Consumer purchases of health services surged 9.9 percent at an annualized rate in the first quarter from the prior three months, the highest rate of growth since 1980, according to the Bureau of Economic Analysis. Health spending contributed 1.1 percentage points to total growth in gross domestic product, the most since quarterly records began in 1947.
The growth is likely the result of increased utilization under the Patient Protection and Affordable Care Act because prices mostly have been little changed. Health plans, pharmacies and hospitals say they are seeing the first signs of newly insured patients seeking medical care, including high-cost drugs and surgeries.
“It’s still pretty early for most of those newly insured to access a whole lot of health-care services, but some of them definitely are,” said Ceci Connolly, managing director of PricewaterhouseCoopers Health Research Institute in Washington. “This is definitely an increase in utilization, it appears, more than pricing.”
More than 8 million Americans have signed up for private health plans sold through the health law’s new insurance exchanges, and federal officials say another 3 million have been added to the Medicaid program for the poor since the start of the year. While the percentage of enrollments who lacked insurance isn’t known, the Urban Institute, a Washington nonprofit that studies health issues, estimated this month that 5.4 million U.S. adults gained coverage since September.
Today’s report from the Bureau of Economic Analysis included Obamacare enrollments only through Feb. 15. Enrollment closed April 15 in most of the country, and a surge of sign-ups in March and April will show up in the bureau’s report on second-quarter spending, said Ben Mandel, chief of the federal branch of the bureau’s government division.
Hospital operator HCA Holdings Inc. (HCA) said yesterday in states that have expanded Medicaid the company’s admissions under the program rose 22 percent in the first quarter from a year earlier.
Obamacare patients have filled four times as many prescriptions for costly drugs to treat HIV as people in commercial health plans, said Express Scripts Holding Co. (ESRX), the nation’s largest administrator of prescriptions,
“We do believe that’s because you have individuals who were going untreated before or didn’t have access to coverage because of pre-existing conditions,” said Julie Huppert, vice president for health reform at the company, in a phone interview. “There was targeted outreach to that community.
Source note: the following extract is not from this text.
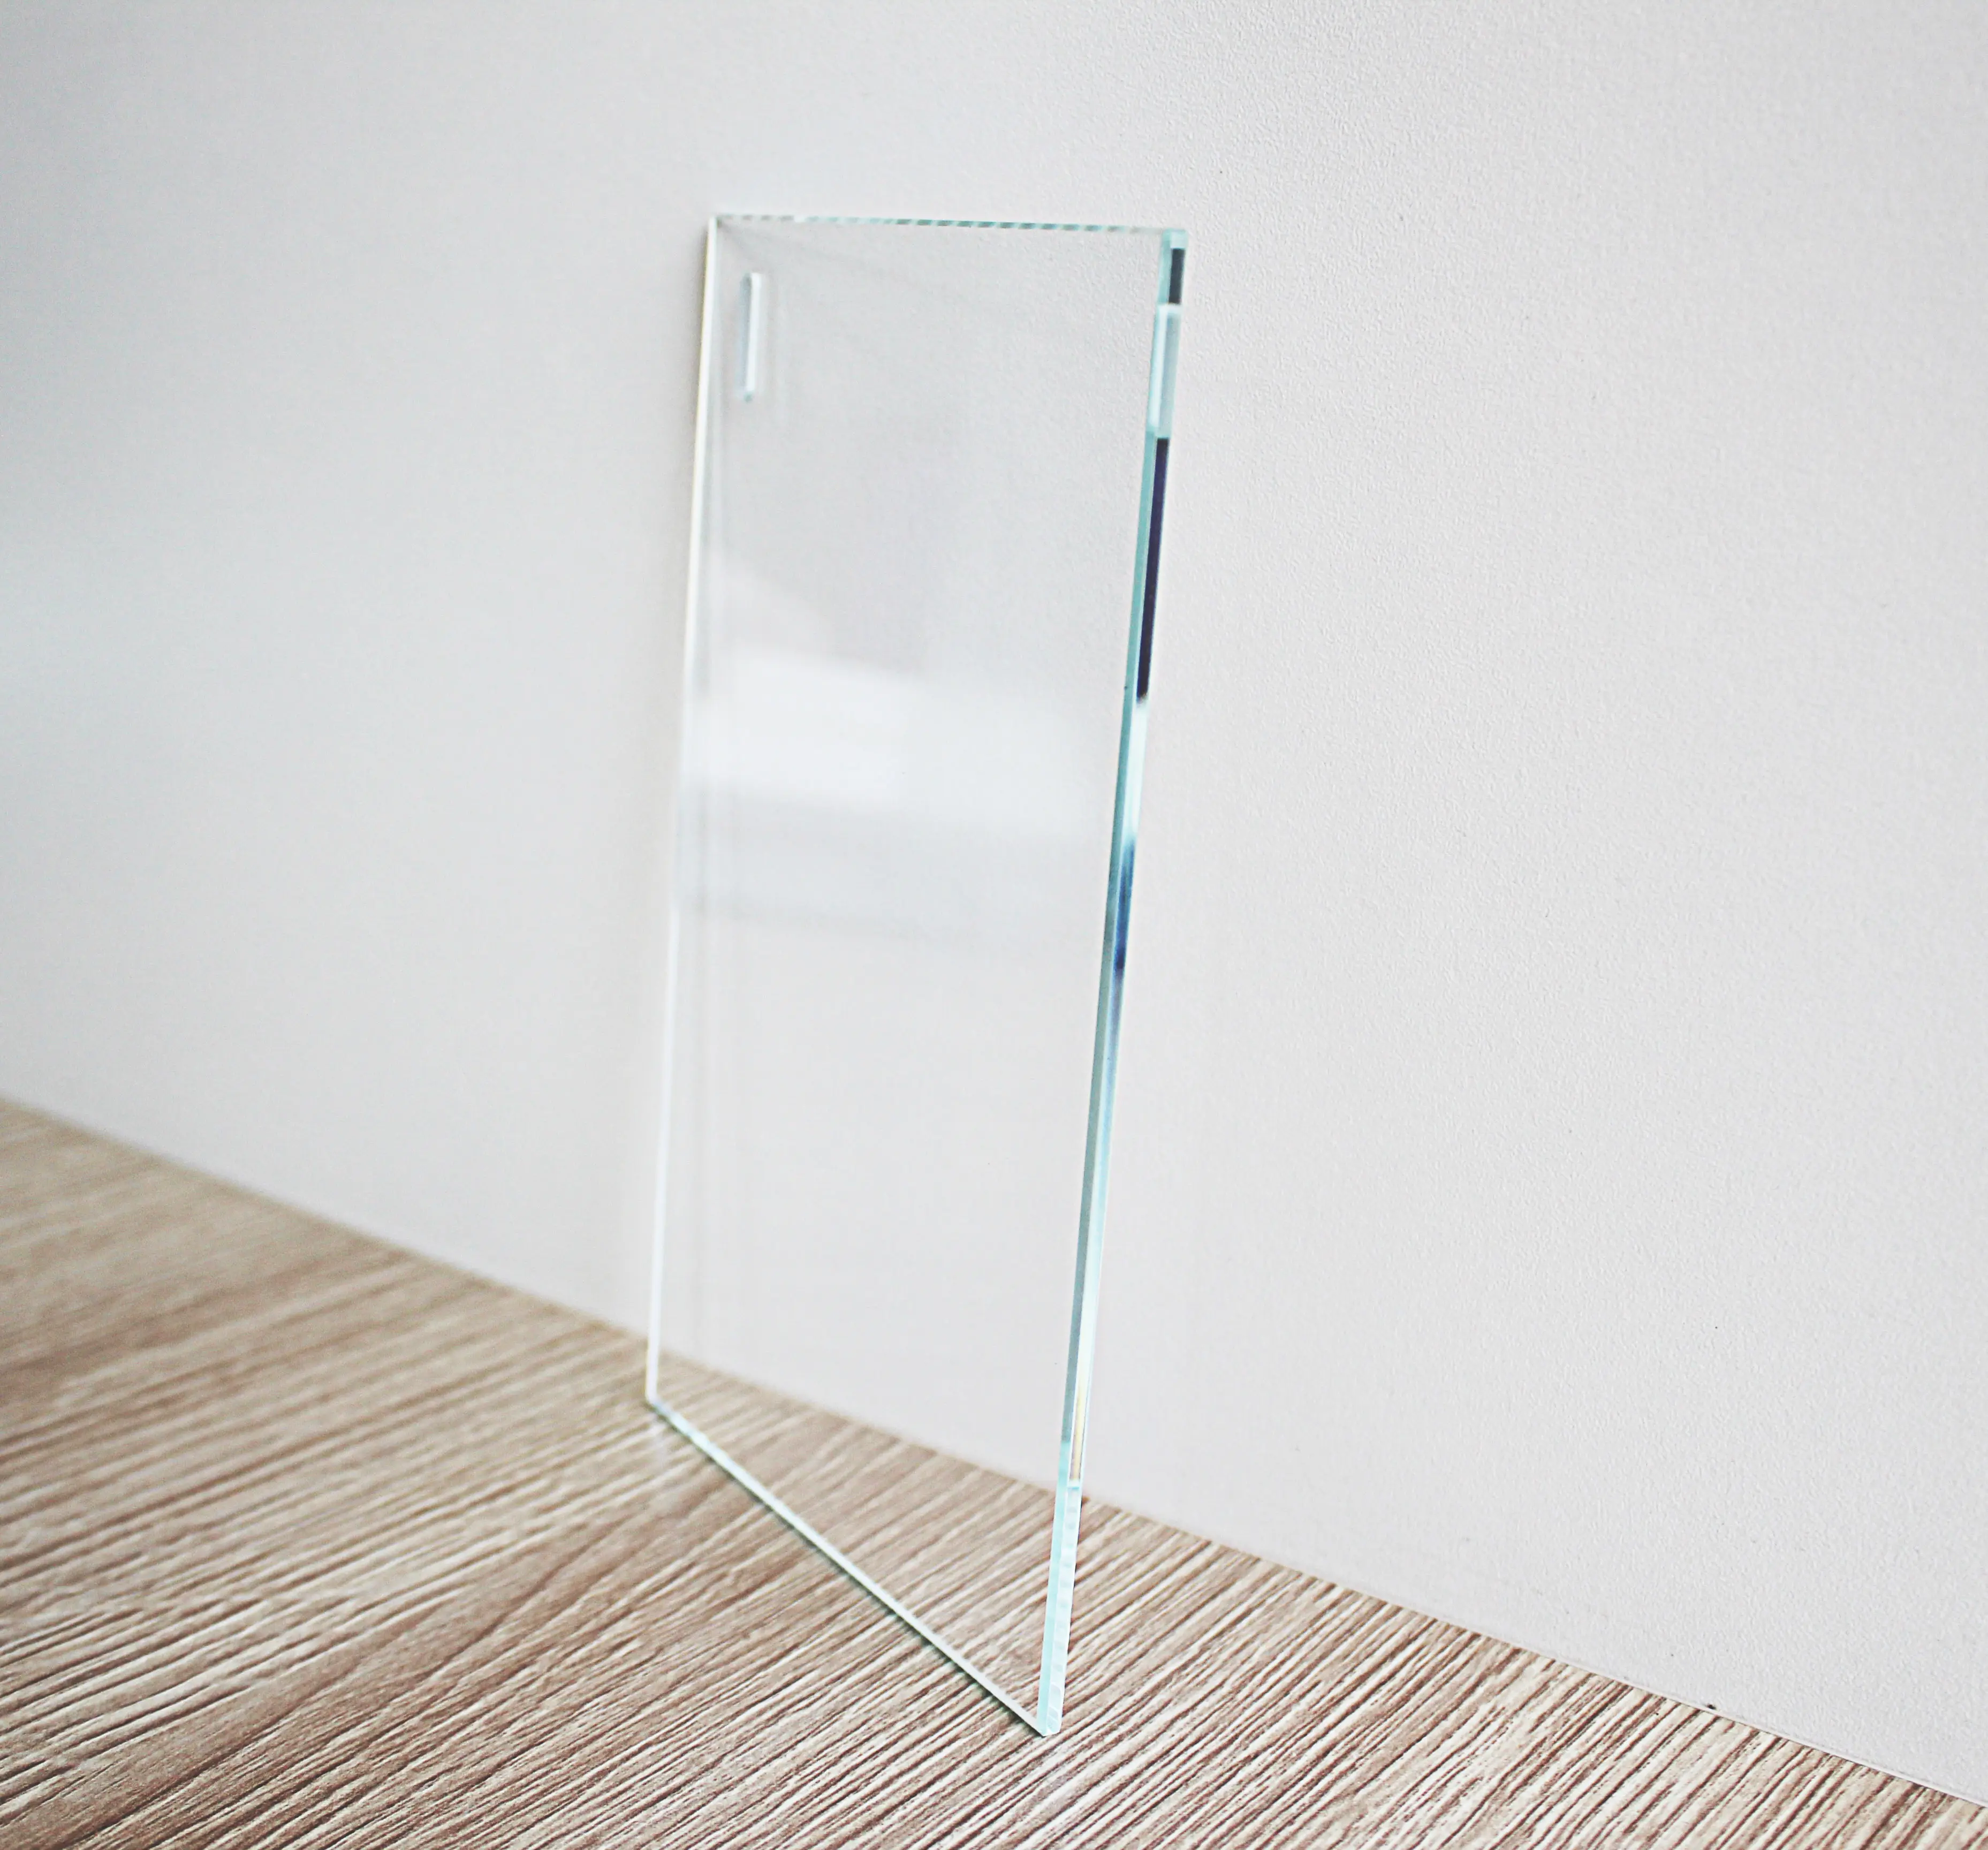 Groothandelsprijs China Clear Float Glasplaat 2Mm-19Mm Dikte Op Maat Gesneden Glas Voor Deur Raam Glazen Scheidingswand

We’re not surprised to see them utilize the benefit early.”
People enrolled in exchange plans filled 47 percent more of the most-expensive kinds of prescriptions, for so-called “specialty” drugs that are usually injected and require special handling, than people in employer plans in January and February, according to an April 9 report by Express Scripts.
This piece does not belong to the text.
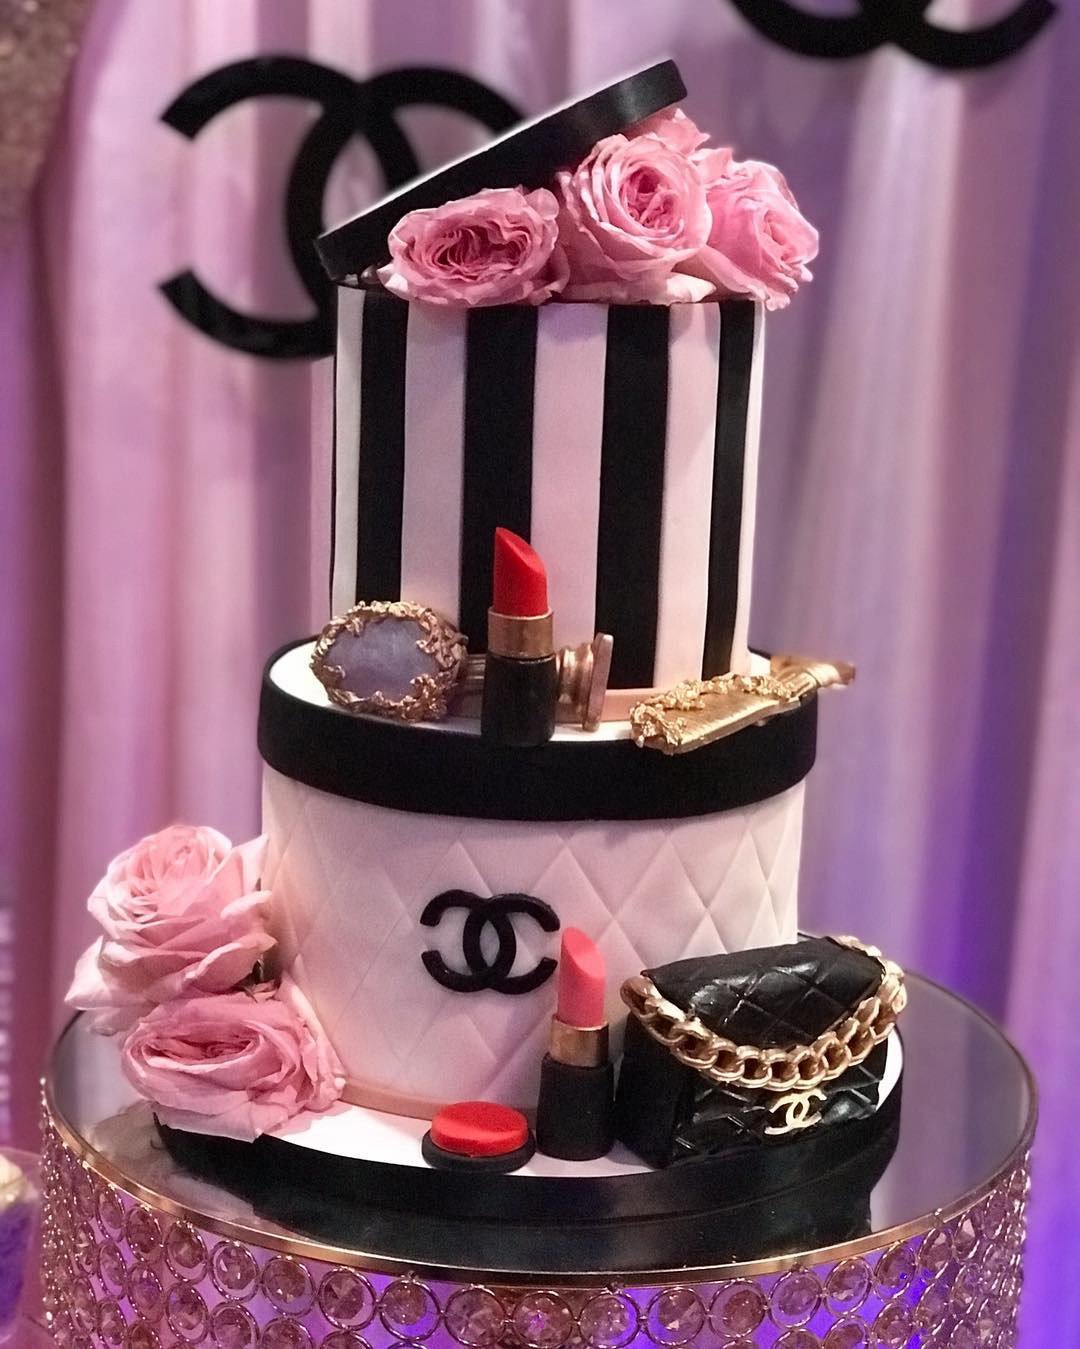 Chanel Handbag Cake for Rebekahs 30th  all edible   CakesDecor

U.S. spending for medicines began rising last year, increasing 3.2 percent to $329 billion after a 1 percent decline in 2012, the IMS Institute for Healthcare Informatics reported April 15.
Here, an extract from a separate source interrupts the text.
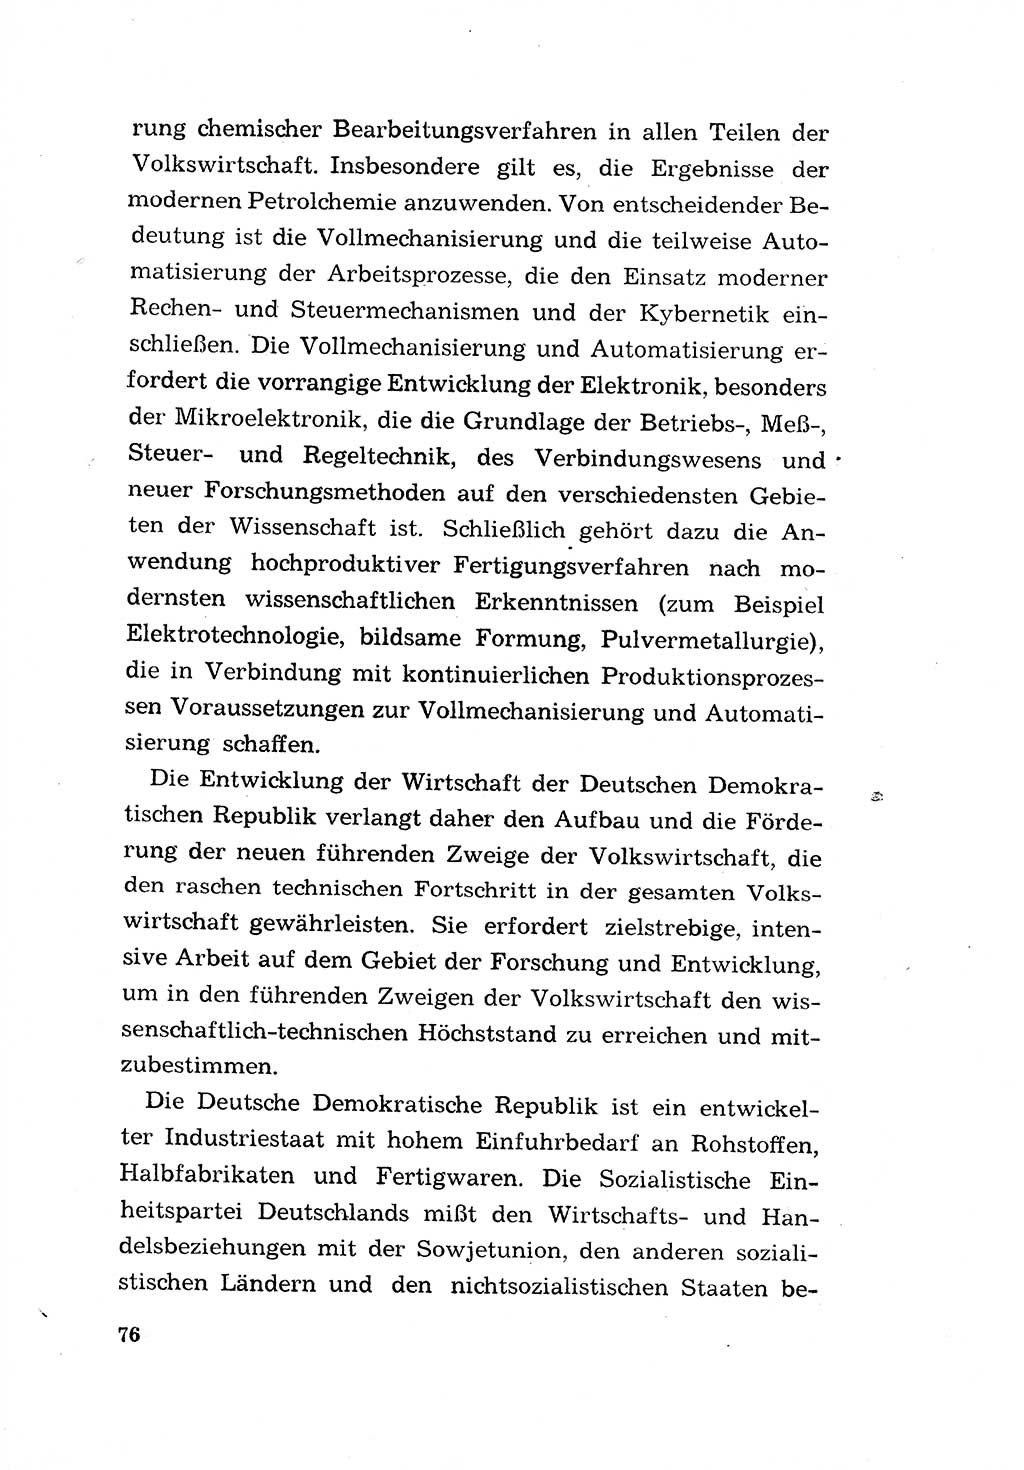 Programm der Sozialistischen Einheitspartei Deutschlands (SED) [Deutsche Demokratische Republik (DDR)] 1963, Seite 76 (Progr. SED DDR 1963, S. 76)

In New Mexico, Presbyterian Health Plan, the insurance subsidiary of hospital system Presbyterian Healthcare Services, saw an increase in nonemergency cardiac and orthopedic surgeries after the beginning of the year, said Lisa Lujan, the president of the division.
“Any time there’s been a barrier to an individual having insurance coverage that’s removed” the plan sees pent-up demand for medical care, Lujan said in a phone interview.
The Bureau of Economic Analysis’ report is preliminary, deduced largely from hiring and wage trends in the health-care industry, said Paul Hughes-Cromwick, a senior health economist at the Altarum Institute in Ann Arbor, Michigan, which follows health spending. There are counter-indications, he said, such as the insurer WellPoint Inc. (WLP) reporting today that its “medical loss ratio” -- the amount it paid out for medical claims -- was little changed in the first quarter.
“We want to see more information,” he said in a phone interview. “You ought to figure, ‘gee, here’s a gigantic insurer, let’s see more utilization so we can be more comfortable with these numbers,’”
Yet there are only two possible explanations for growth in health spending, said Charles Roehrig, a vice president at the institute: higher prices or higher utilization. Health-care prices increased just 1.1 percent in March from a year earlier, Hughes-Cromwick said.
“It’s got to be utilization,” Roehrig said. “But there are no direct data on utilization that we can go to.”